4098557903:4098557903(0) ack 4090393933 win 31856 <nop,nop,timestamp 51137725
36471013> (DF)
21:45:18.741197 < 192.168.1.2.1641 > 192.168.2.2.1026: F
4098557903:4098557903(0) ack 4090393985 win 31856 <nop,nop,timestamp 51137725
36471013> (DF)
21:45:18.741426 < 192.168.1.2.1641 > 192.168.2.2.1026: .
4098557904:4098557904(0) ack 4090393986 win 31856 <nop,nop,timestamp 51137725
36471013> (DF)
[lin@prague nettest]$ pingserver 1026
server: at port 1026 on node prague, internet address 0.0.0.0
server: connected to client at internet address 192.168.1.2, port 1636
server: disconnected from client at internet address 192.168.1.2, port 1636
[lin@madrid nettest]$ pingclient 1026 192.168.2.2 1 1500
pingclient: 1 iterations, 1500 bytes each
pingclient: on host madrid
pingclient: at internet address 192.168.1.2, port 1641
pingclient: sending to server at internet address 192.168.2.2, port 1026
pingclient: finished 1 iterations of 1500 bytes each
Elapsed: 0.01, user: 0.00, sys: 0.00
===============================================================================
The ping test script is:
for i in `seq 1 10`
do
echo " "
echo "pingclient 1026 192.168.2.2 100000 1448"
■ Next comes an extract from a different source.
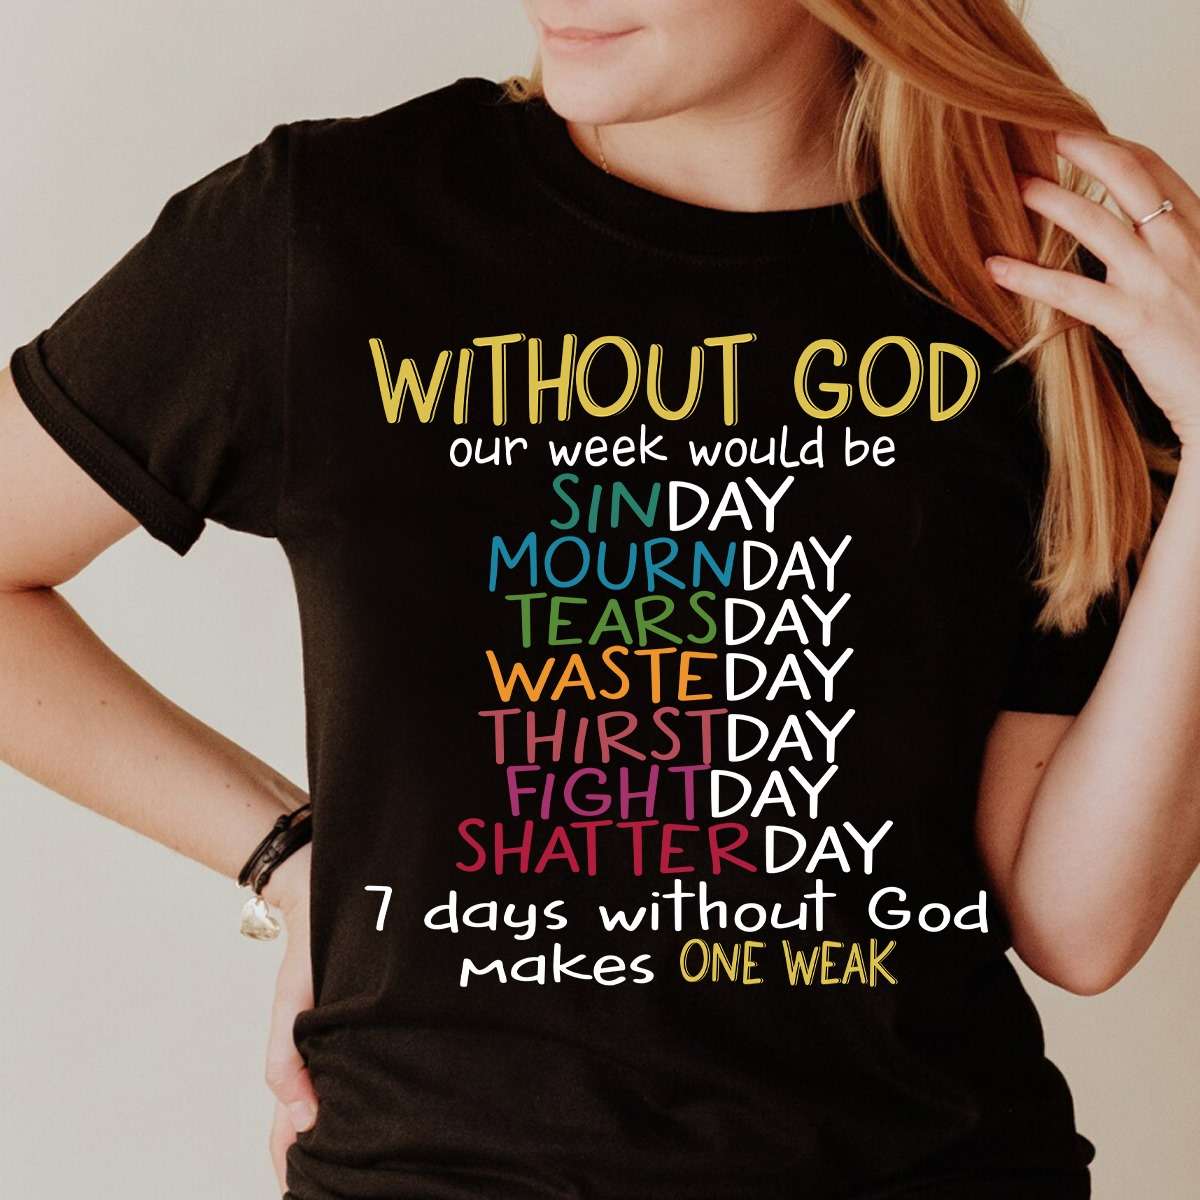 Without god our week would be sinday mournday tearsday wasteday thirstday fightday shatterday

sleep 3; pingclient 1026 192.168.2.2 100000 1448
done
| Round Trip Time when packet size is optimal ( 1448 Bytes ) PingTest | |||||||||||||
| 1st | 2nd | 3rd | 4th | 5th | 6th | 7th | 8th | 9th | 10th | AVG | Var | RTT | |
| ElapseTime ( Sec ) | 63.74 | 63.77 | 64.36 | 64.12 | 63.67 | 63.61 | 63.54 | 63.81 | 63.50 | 63.49 | 63.761 | 0.2032 | 637.61us |
ping test Detail Data is
HERE
The blast test script is:
for i in `seq 1 10`
do
echo " "
echo "blastclient 1026 192.168.2.2 1000000 1448"
sleep 3; blastclient 1026 192.168.2.2 1000000 1448
done
| Blast test when request size is optimal ( 1448 Bytes ) PingTest | |||||||||||||
| 1st | 2nd | 3rd | 4th | 5th | 6th | 7th | 8th | 9th | 10th | AVG | Var | Throughput(Byte/Sec) | |
| ElapseTime ( Sec ) | 123.21 | 123.19 | 123.26 | 123.35 | 123.22 | 123.64 | 123.32 | 123.33 | 123.47 | 123.17 | 123.316 | 0.106 | 12374712 |
How do we get 12374712 Byte/Sec
Although, we just send useful data 1448 Byte on each request, we actually send TCP and IP header and Ethernet Wrapper. We actually send 1526 Bytes for each frame. ( 1500 for layer 2 data, 26 for ethernet packet wrapper, for header detail, see here )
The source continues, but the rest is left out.